Вся аргументация Старобинского сводится к одному: либо (если следовать гипотезе Соссюра) поэт есть не более чем обсессивный фор­малист, либо то, что он делает, делается и в любой речи, и тогда обсессией страдает уже сам Соссюр: все, что он якобы открыл, — это просто ретроспективная иллюзия исследователя, поскольку «любая сложная структура предоставляет наблюдателю достаточно элементов, из кото­рых он может выбрать некое на вид осмысленное подмножество и ко­торое ничто не мешает априори связать с какой-нибудь логической или хронологической традицией». Бедный Соссюр, ему всюду мерещились анаграммы, и эти свои фантомы он приписывал поэтам!

А вот Старобинский и лингвисты — они ничем не грезят; бес­конечно проверяя гипотезу Соссюра, они сводят ее к нулю. Для это­го достаточно было прицепиться к ее содержанию (выводу о слове-теме, о его позитивной фигуративной форме, о его метаморфозах), вместо того чтобы судить о ней по ее форме. Задача поэзии — не в производстве и даже не в комбинаторных вариациях на тему какого-то поддающегося идентификации «подмножества». В этом случае она действительно хорошо включалась бы в универсальный режим дис­курса (только тогда совершенно неясно, в чем необходимость поэзии, в чем особенность ее статуса и в чем особое наслаждение, присущее этому режиму речи в отличие от дискурсивного режима). Задача по­эзии — служить порогом необратимости для любого термина или темы, именно в ходе анаграмматической работы. И тогда достовер­ность или недостоверность существования слова-темы оказывается ложной проблемой — не потому, что, согласно Старобинскому, любая речь артикулируется как своего рода шифр или формула, а потому, что при любом ответе на этот вопрос формой поэзии является унич­тожение такого шифра. И эта описанная Соссюром форма действи­тельна для любой поэзии, как новейшей, так и древнейшей.
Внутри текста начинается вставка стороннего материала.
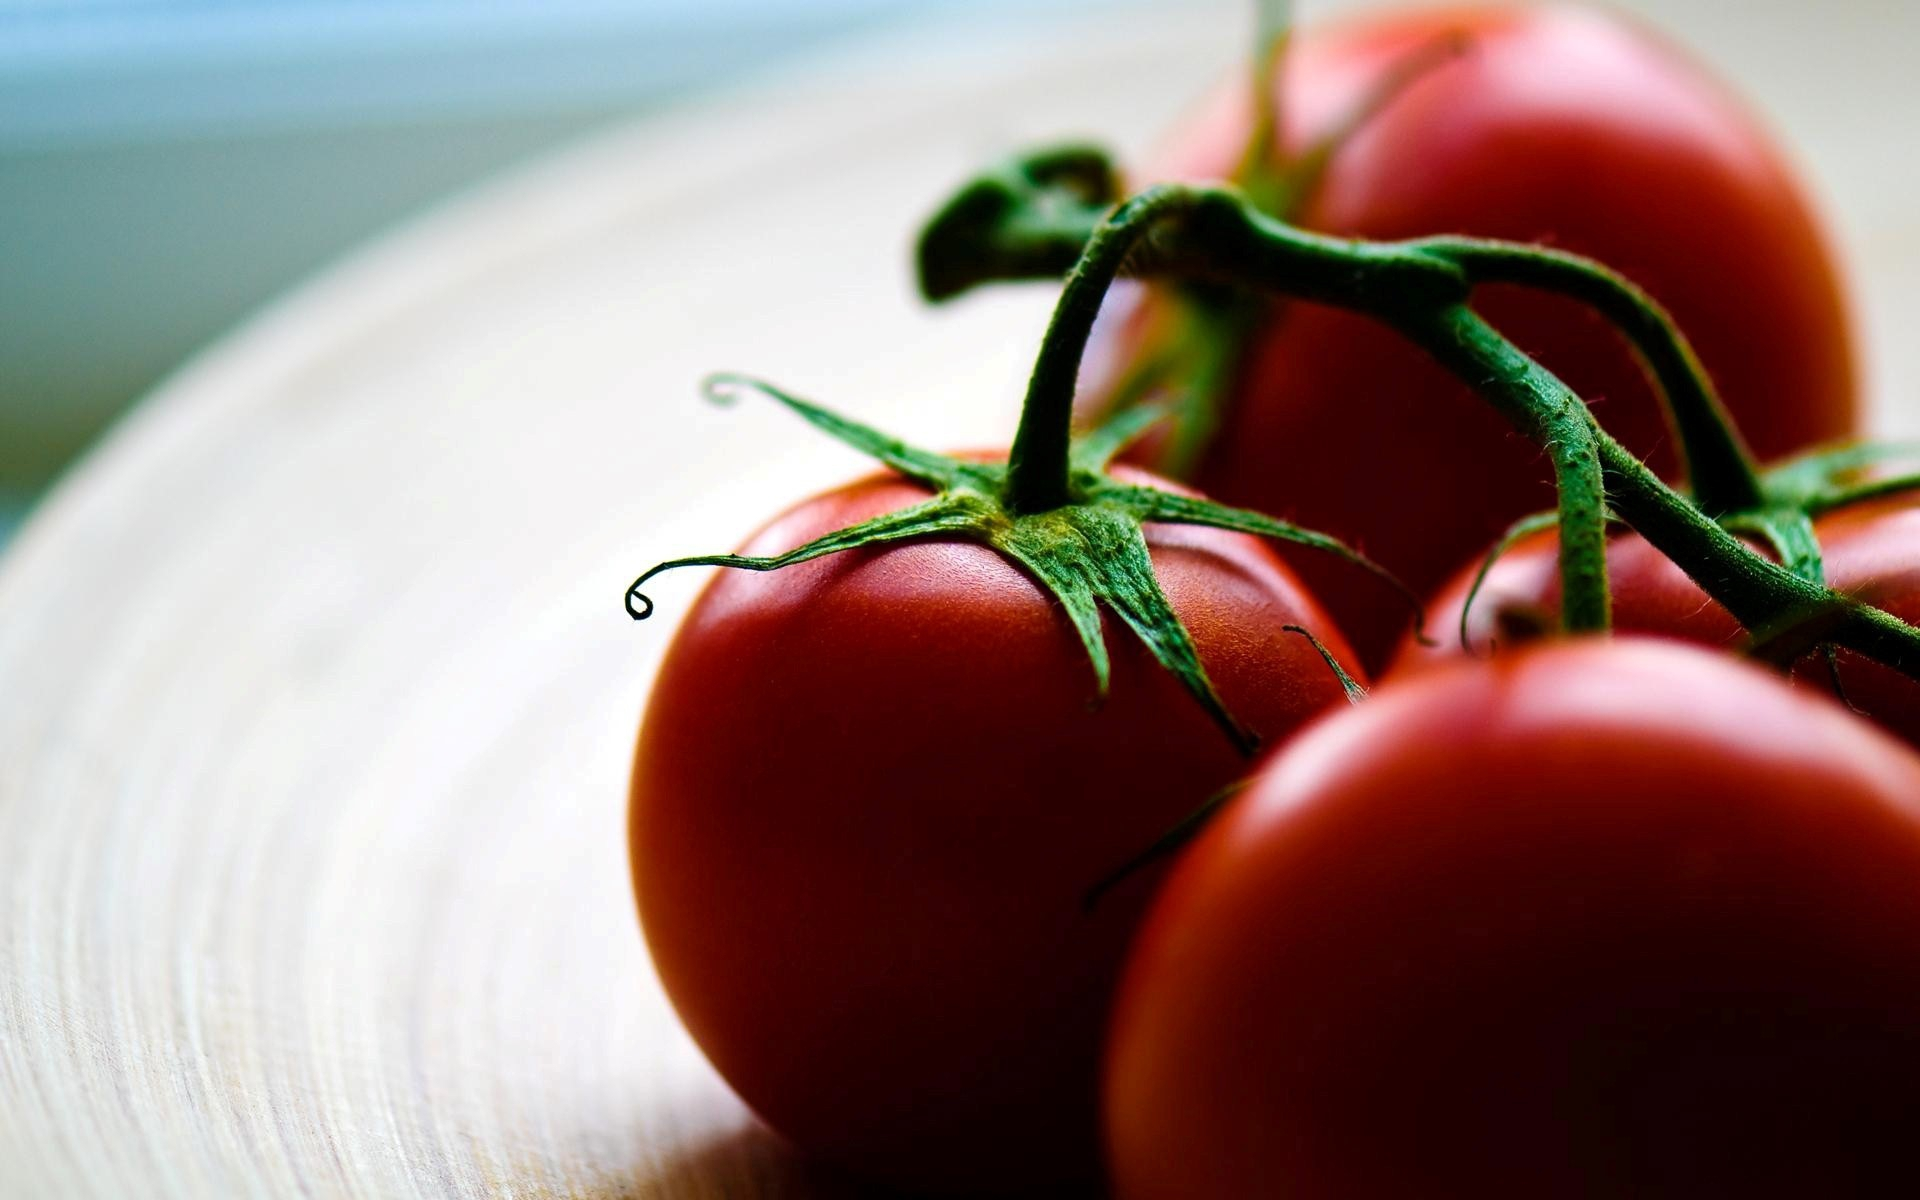 Tomato Free Images

Принцип уничтожения шифра сохраняет всю свою четкость даже в том случае, если само существование этой формулы невозможно проверить1 .

1 Примерно так же обстоит дело и с гипотезой об инстинкте смерти у Фрейда — по его собственному признанию, не поддающейся окончательной кли­нической проверке, зато революционной по своей форме, как принцип функциони­рования психического аппарата и как антилогос.
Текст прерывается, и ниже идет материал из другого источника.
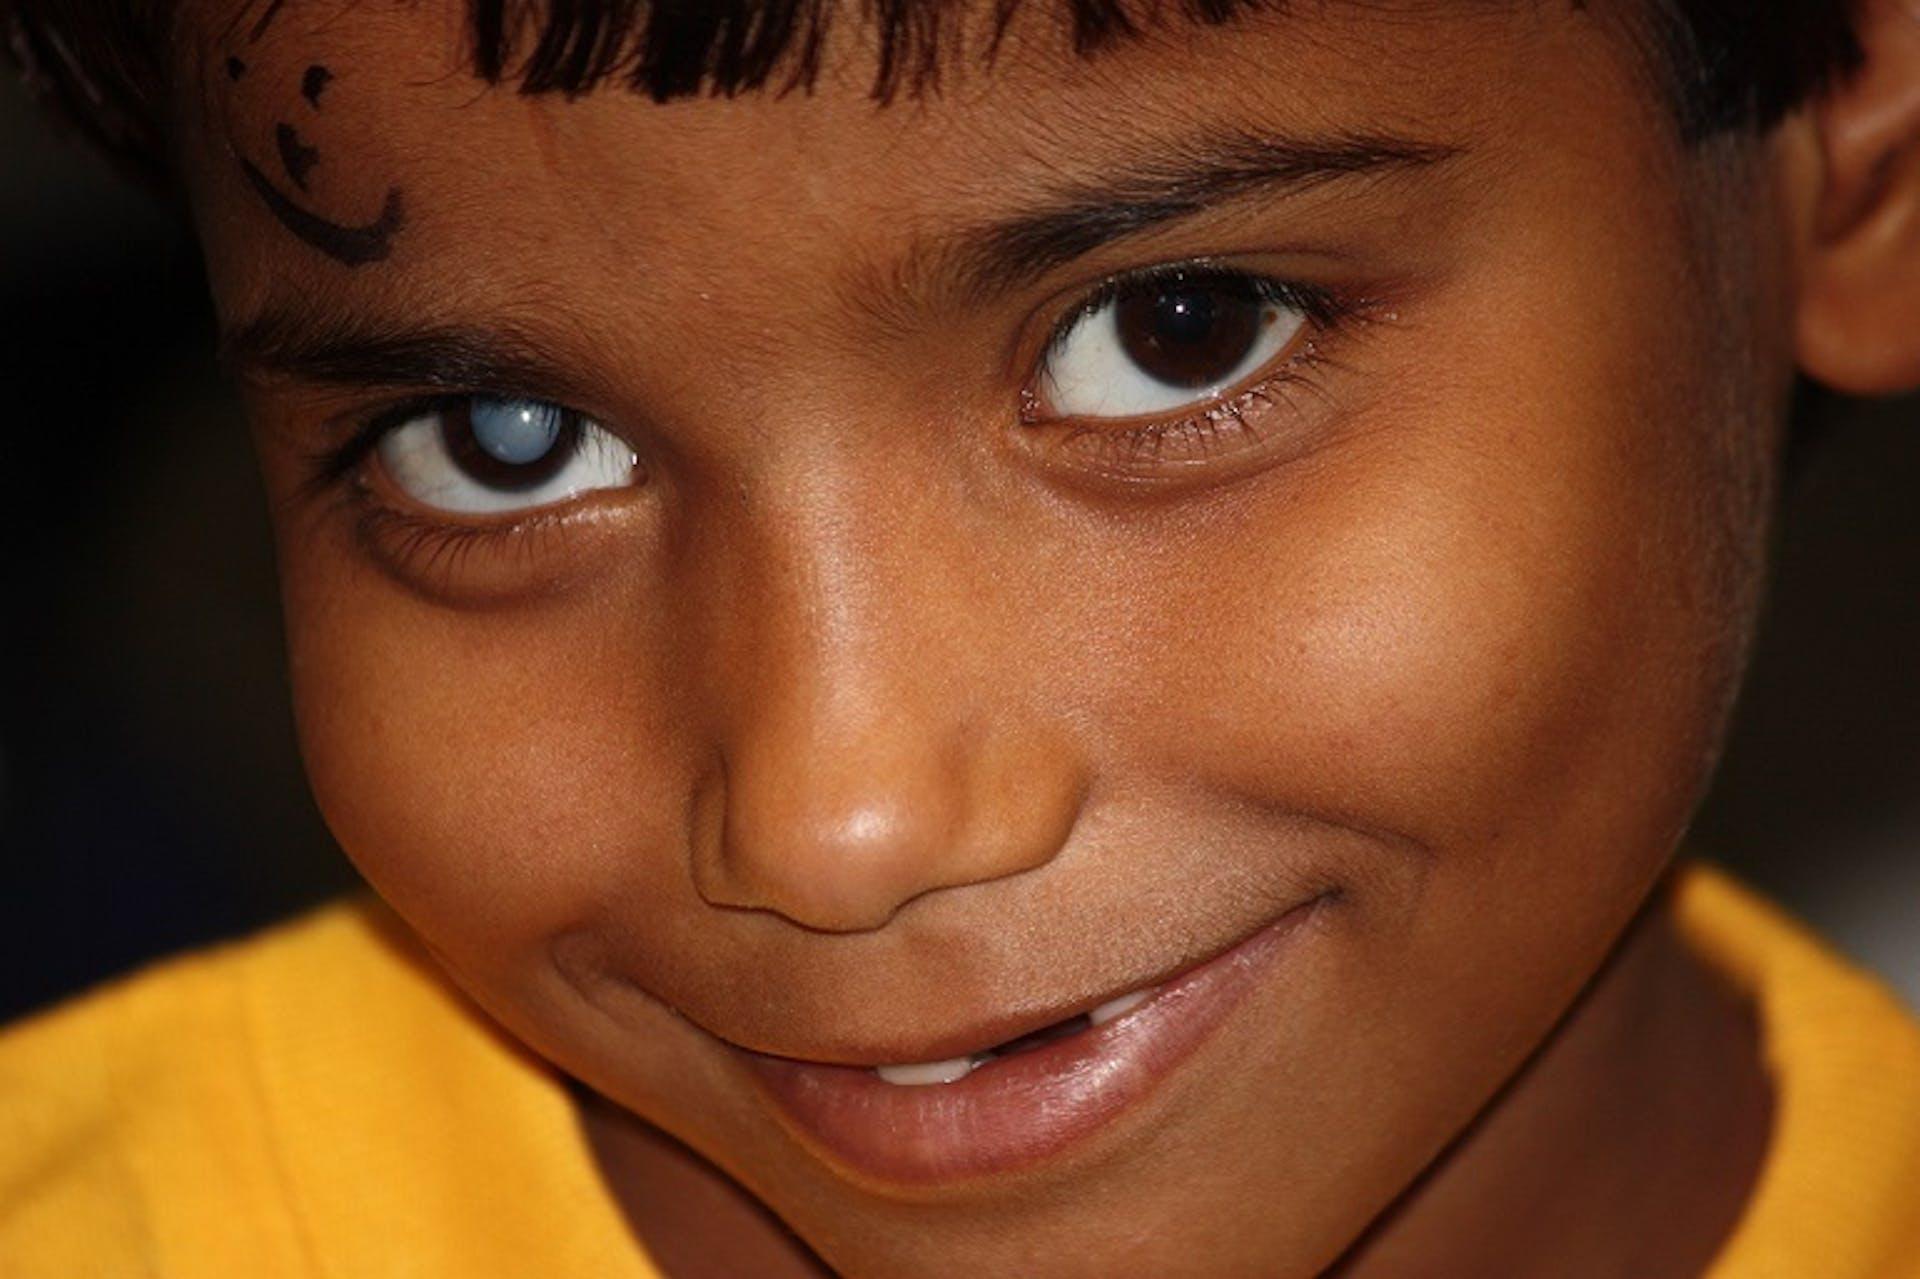 Renu Kumari, an Indian child with right traumatic cataract, wearing a yellow top, looks into camera

Просто этот шифр, который в архаической поэзии мог принимать форму слова-темы, в поэзии современной может оказаться всего лишь неким сочетанием знаковых элементов, не поддающимся выделению как таковое, или даже буквой или формулой — навсегда потерянной, как у Леклера, или бессознательной, или «знаковым дифференциа­лом», о котором пишут в «Тель кель». Какова бы ни была эта форму­ла, главное — рассматривать поэзию не как способ ее появления, а как способ ее исчезновения. В этом смысле и хорошо, что Соссюру не удалось доказать свою гипотезу: проверив ее содержание, он сде­лал бы не такой радикальной ее форму. Лучше неудача и головокру­жение Соссюра, в которых все-таки сохраняется необходимость по­эзии, чем всяческие банальности, которые довольствуются поэзией как фактом универсальной языковой деятельности.